Dios confió a los hombres el cuidado de su Iglesia en este mundo hasta la parusía. Edificándola en el territorio del enemigo es como participamos en la acción de la Providencia en la historia, y como somos santificados. Ciertamente Dios puede asistirnos de maneras extraordinarias; la notoria resiliencia de la Iglesia en ocasiones sólo puede ser explicada por intervención divina. Pero, en justicia, nada exige a Dios darnos de modo ordinario un nuevo grupo de santos y héroes y sabios para reparar todas las cosas. Cuando la Iglesia necesita santos, héroes y sabios, puede que nos tenga sólo a nosotros. Y la mayoría de nosotros estamos demasiado detestablemente orgullosos de nuestra falsa humildad como para al menos intentar la santidad heroica.

La situación actual de la vida cristiana, como siempre, es la de rezar entre ruinas; la de buscar entre los escombros de una iglesia largamente destruida en busca de piezas que reconozcamos; la de aferrarse a ellas y atesorarlas como nunca hicieron quienes las disfrutaron en su esplendor. Veneramos estos trozos de escombros, y los estudiamos para figurarnos de qué forma se ensamblaban y el significado que una vez tuvieron. Inducimos lo que podemos de los olvidados métodos de su construcción y del olvidado lenguaje de su simbolismo, y reconstruimos lo que podemos en el tiempo que se nos asigna. Construimos algo hermoso para Dios, de tal modo que la memoria de la antigua fe pueda sobrevivir para la próxima generación, hasta que las fuerzas del mal desbaraten, incendien y sepulten nuestras construcciones.

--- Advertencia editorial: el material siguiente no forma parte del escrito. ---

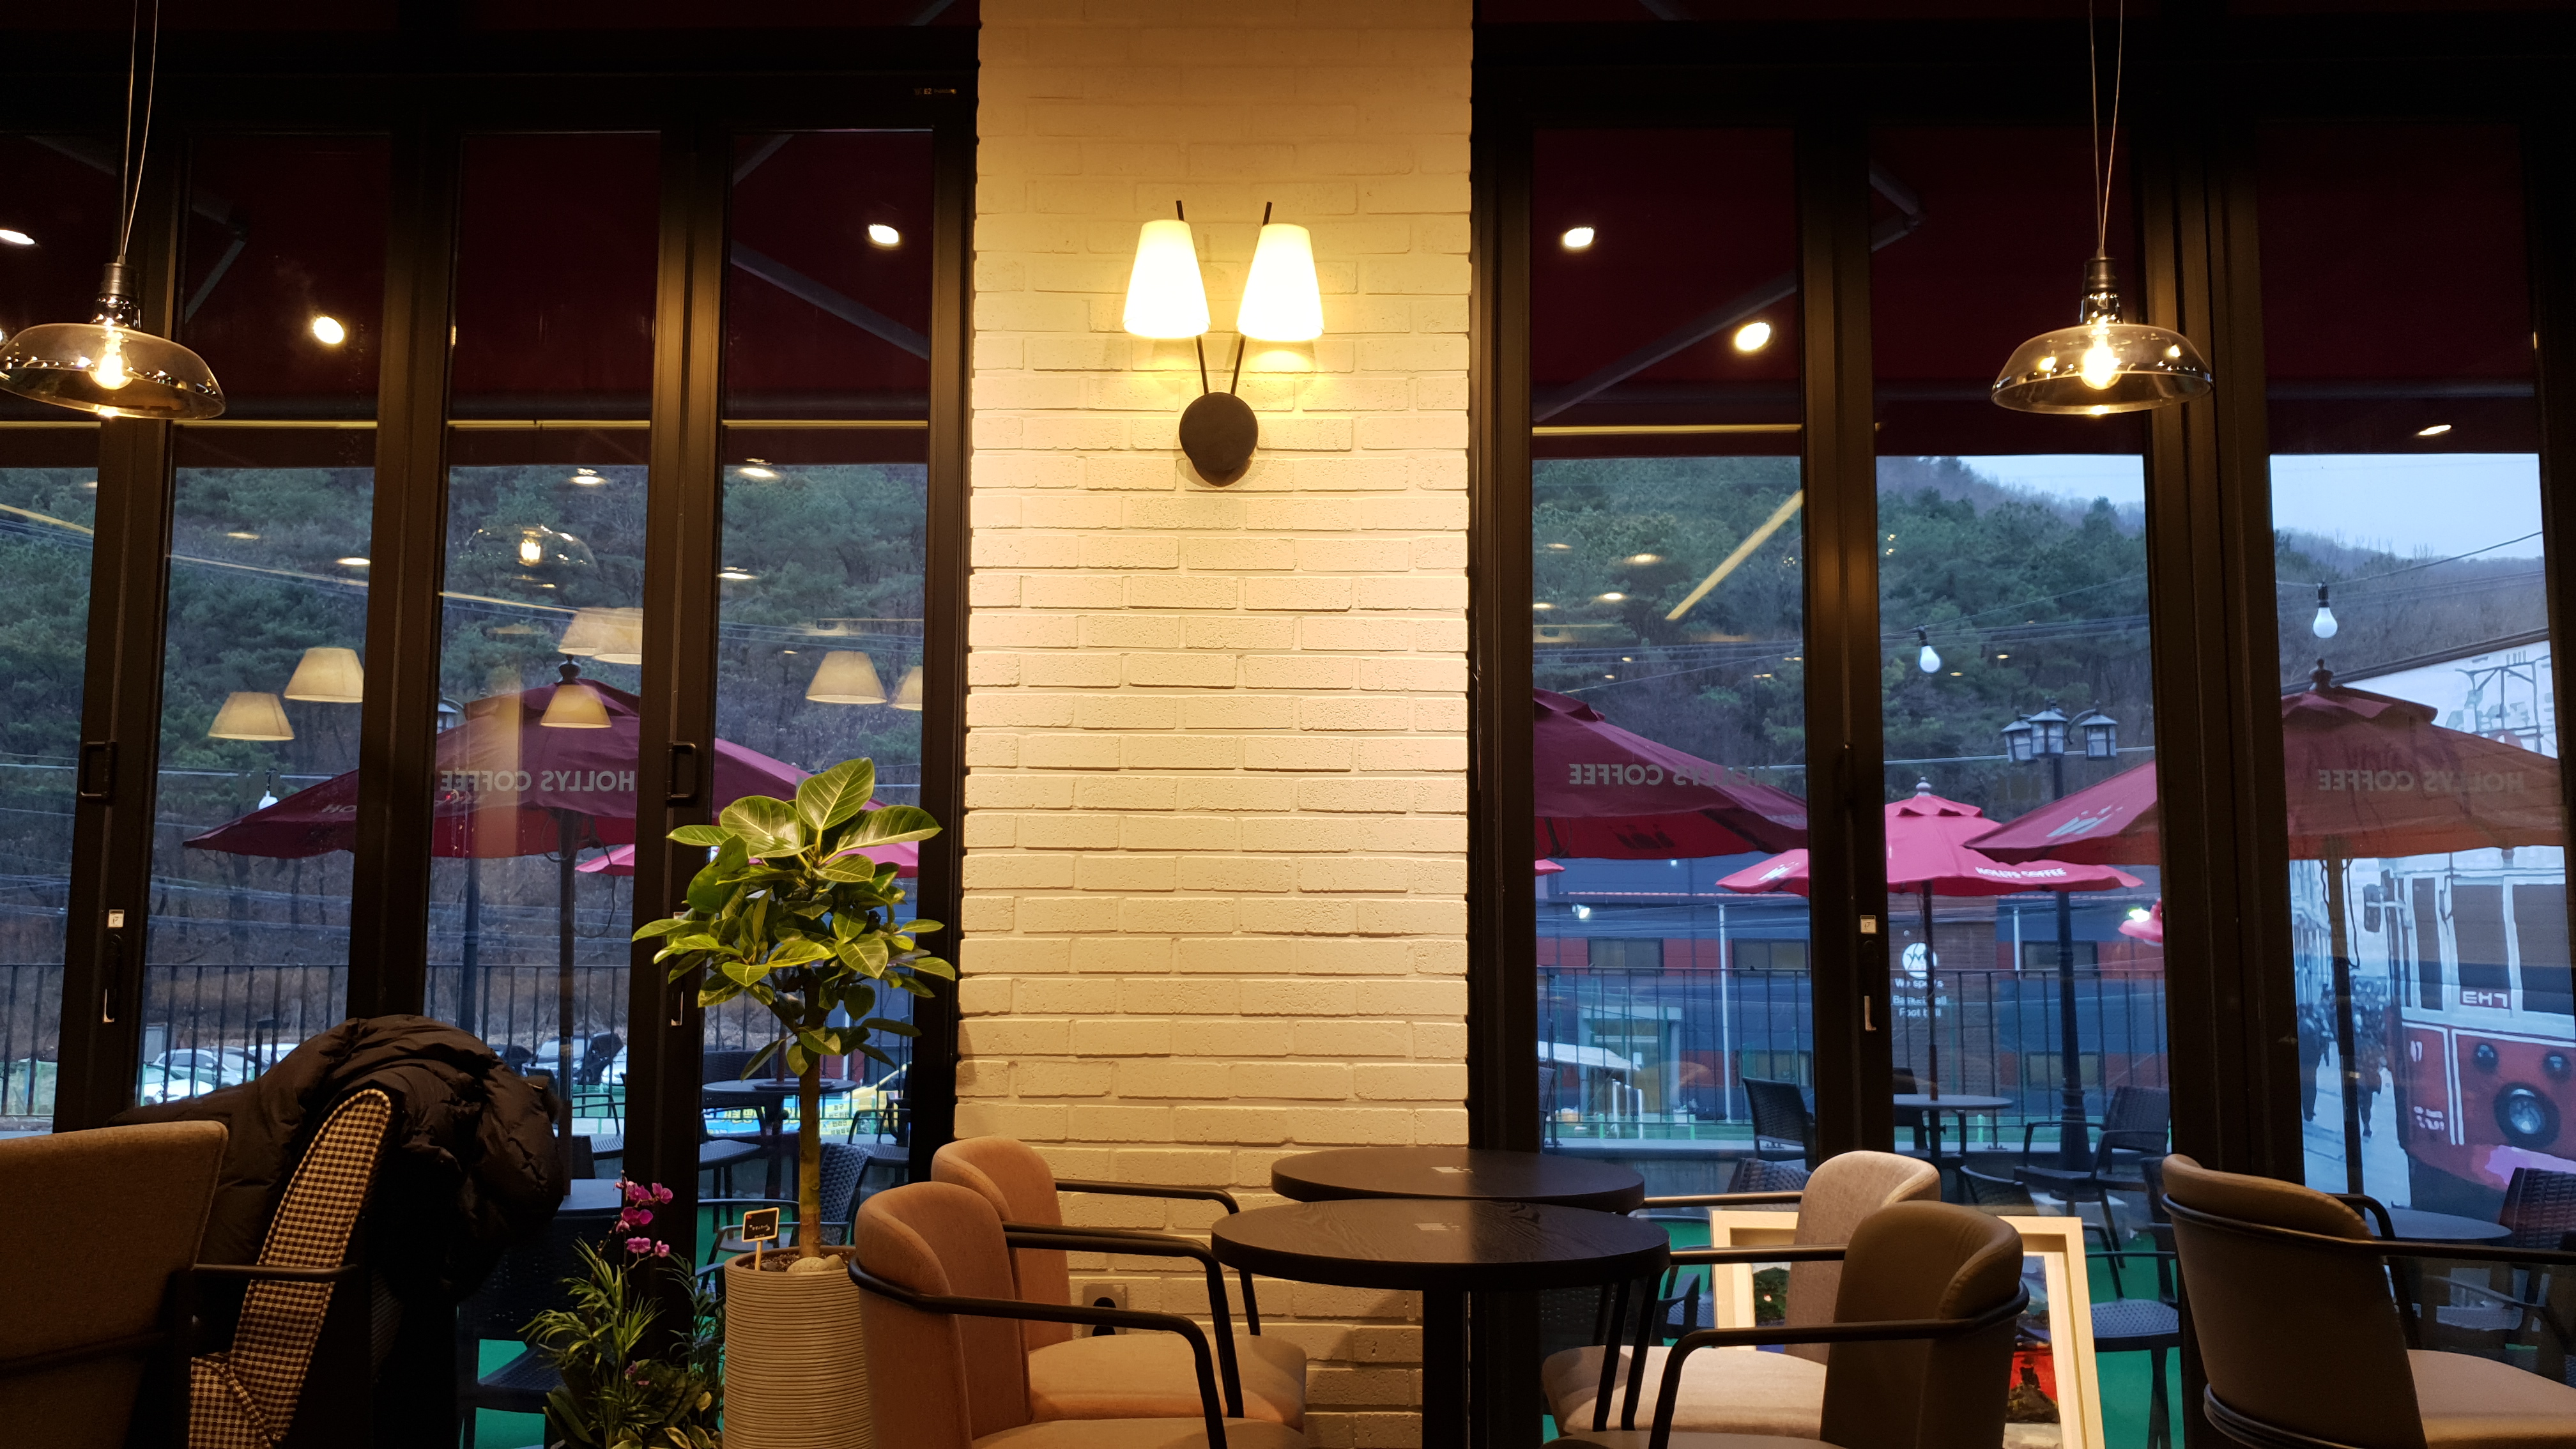 Free Image, cafe, lighting, cozy, out the window, bright, restaurant, building, room, interior design, coffeehouse, table, architecture, night, furniture, home, cafeteria, glass, house, business 4032x2268

Y nosotros hacemos esto creyendo, no obstante toda tentación de desesperar, que la victoria ya ha sido obtenida, y que la liberación está cerca. Nos ha sido dada la tarea de modo que en ella podamos encontrar nuestro propósito y nuestro gozo y nuestra santidad. Y perseverando, heredaremos un cielo nuevo y una tierra nueva, donde construiremos de forma permanente lo que a modo de pobre imitación hemos edificado en este mundo roto.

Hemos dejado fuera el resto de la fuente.